The church closes promptly at 5 and we are ushered out and cannot enter the museum with the Uccello frescoes. We walk down to the Arno hoping traffic will be lighter there, vain hope. Florence is crowded, noisy, and downright unpleasant after our peaceful weeks in the Tuscan countryside. Cars, busses, vespas everywhere and the pedestrian has no right of way. We walk over the Ponte Vecchio just to say we’ve done so and then back through the Uffizi courtyard. Amazingly we have entered a pedestrian only-zone that extends for a block or so around the Uffizi. How pleasant! How civilized!

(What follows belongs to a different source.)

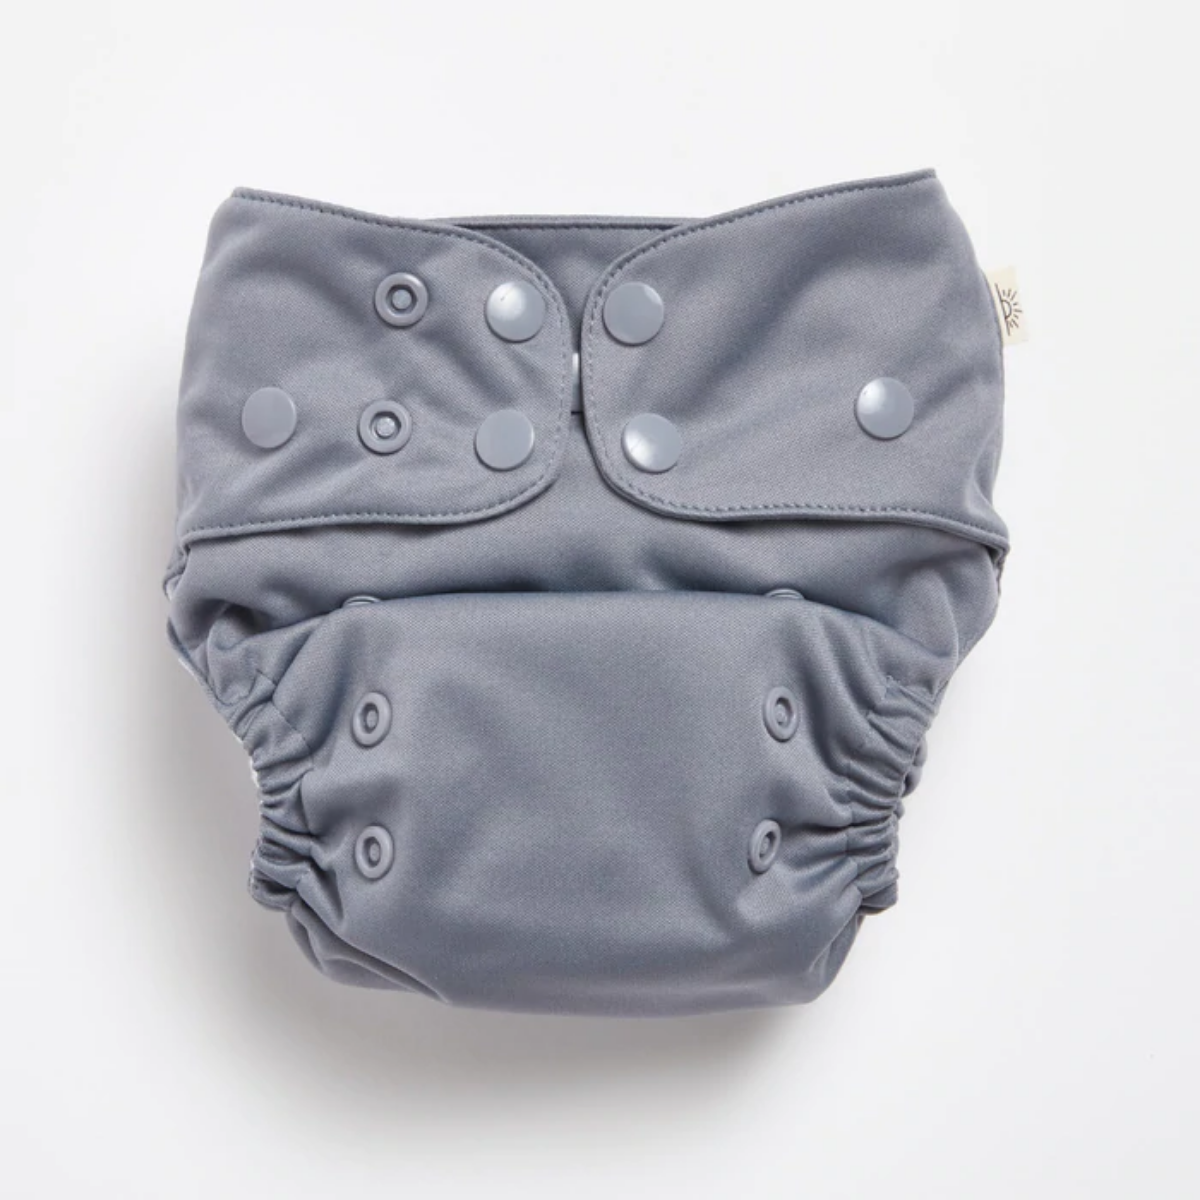 A Midnight Blue 2.0 Modern Cloth Nappy from EcoNaps on a white background.

Ed and Mary Ann have rested this afternoon and plan to attend a concert at a nearby church this evening. We are walked out and just want dinner and an early bedtime. We are treated brusquely for arriving before opening time at Trattoria Belle Donne, and when we return a half hour later, the attitude has not improved. We leave and find our way to the very pleasant Osteria Marione around the corner. At Marione they are smiling and welcoming and we have our last fine meal in Italy, with the best wine bargain in town, 1/4 liter of house red for about 1.30 Euros.
10/24/02 - Florence, Munich, Chicago, Cleveland, at last!

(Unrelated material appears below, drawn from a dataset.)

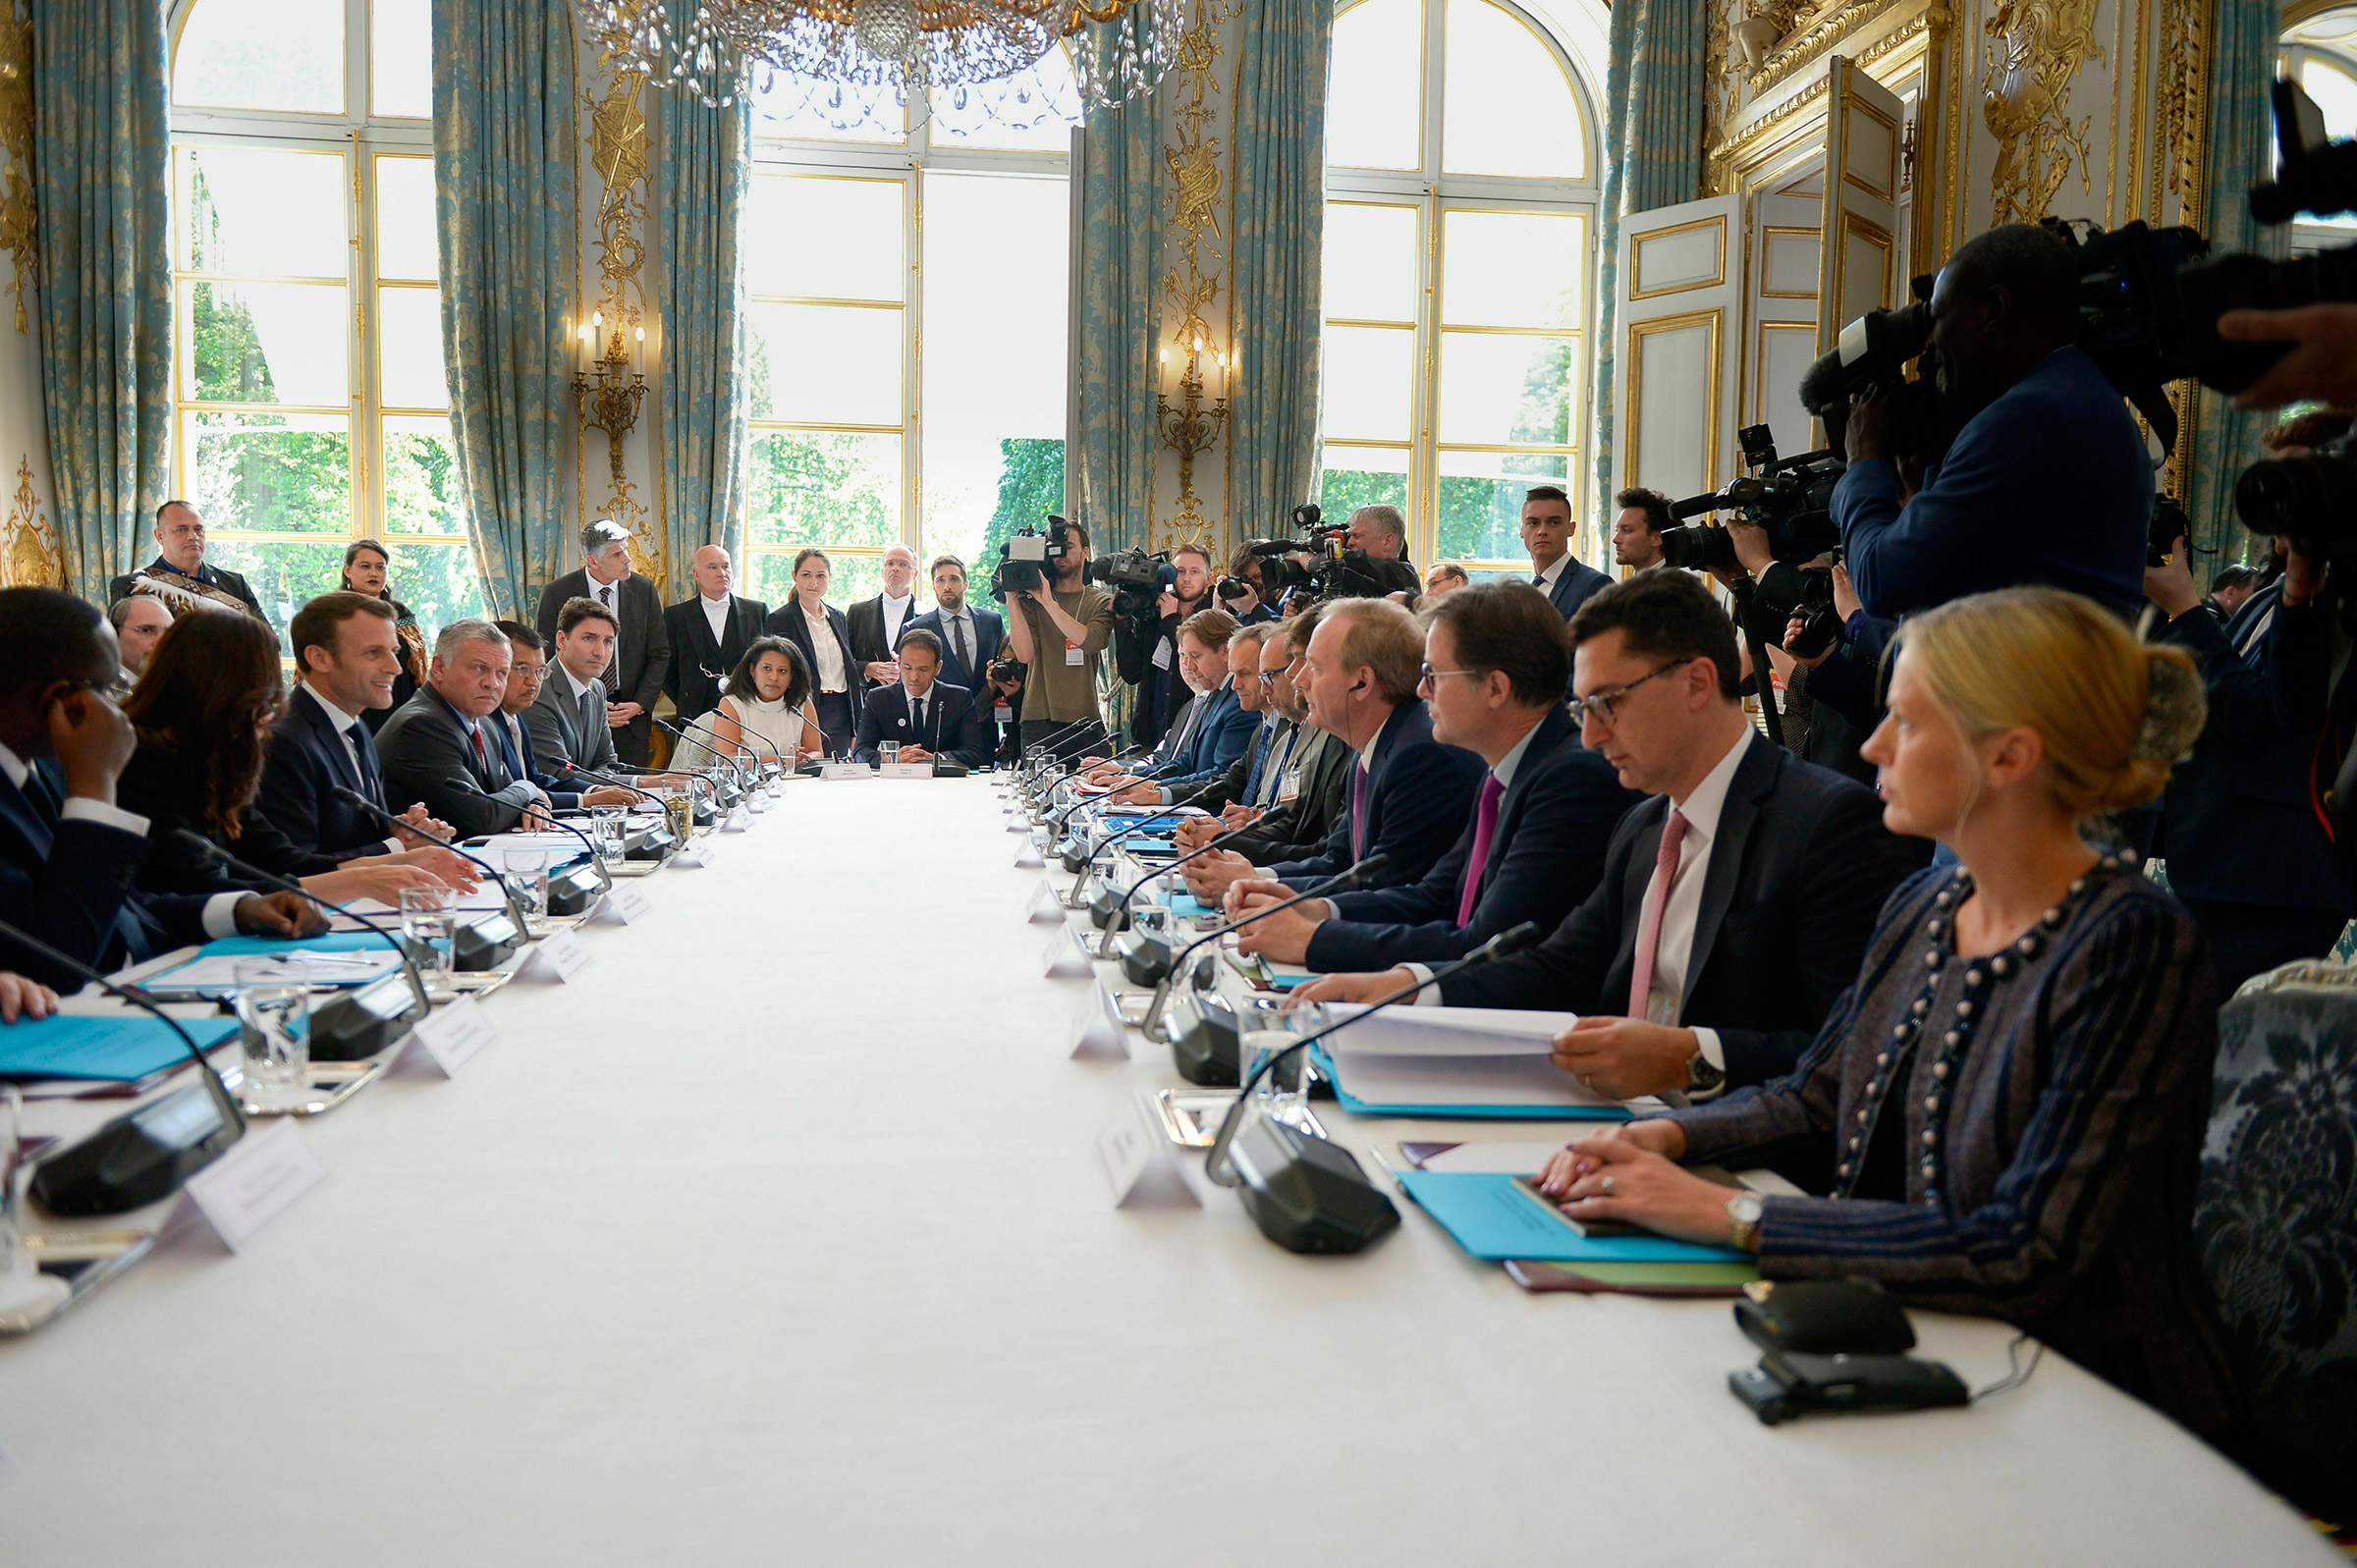 Smith, fourth from bottom right, at a Tech for Good summit with world leaders and top business executives, hosted by French President Emmanuel Macron at the Élysée Palace on May 15 (Isa Harsin—SIPA/AP)

The travel gods do not smile on us today and it’s better we don’t know what awaits when we arise. We arrive at the Florence airport before 7 a.m.–international flight, be there three hours early–but the Lufthansa counter doesn’t even open until 7:15. I check my overnight bag and JC and I are carrying on only backpacks for which we are grateful as the day progresses. Our little plane leaves right on time and we have a clear day and awesome views of the Alps. This time I remember to pull out my camera and take pictures. This is the high point of the day–it’s all downhill from here.We are concerned that we have only 50 minutes to make our connection in Munich, but needless worry! Due to mechanical problems our flight is delayed three additional hours. Naturally we have missed our connections in Chicago also and by the time we claim our bags, go through customs, recheck our bags and get new tickets, wait in a long security line and are all but strip searched (as we were in Munich earlier) we miss everything before the 8:55 flight to Cleveland. We arrive home at midnight to find that the battery on Ed’s car, which he parked in our garage, is dead! AAA arrives at 1 a.m. and Ed and Mary Ann are gratefully on their way home and we are off to bed, after being awake for 26 hours straight.
Final thoughts...
Was it worth it? Very definitely!
Having seen Italy on both a bus tour and an Untour, we prefer the latter. We worked harder this time, what with driving, getting lost and finding our way around, buying groceries, stamps at the post office, medication at the farmacia, preparing many of our meals, etc. But we really felt a part of life in Italy, not separated from it by a bus window. We enjoyed the freedom to decide each day when we would awake, where we would go, how long we would stay, where we would eat. We spoke more with local people in our fractured Italian, and found them generally very kind and helpful. Perhaps the best feature of an Untour is not having to pack up and move on every other day. It facilitates the "slow travel" concept. Instead of rushing from place to place to check off each item in our guidebook, we took time to enjoy the moment and make time for the unexpected.
We are looking forward to our next Untour. There’s still so much more of Italy to experience... will it be Tuscany North? Umbria? We know whatever we decide, we won’t go wrong.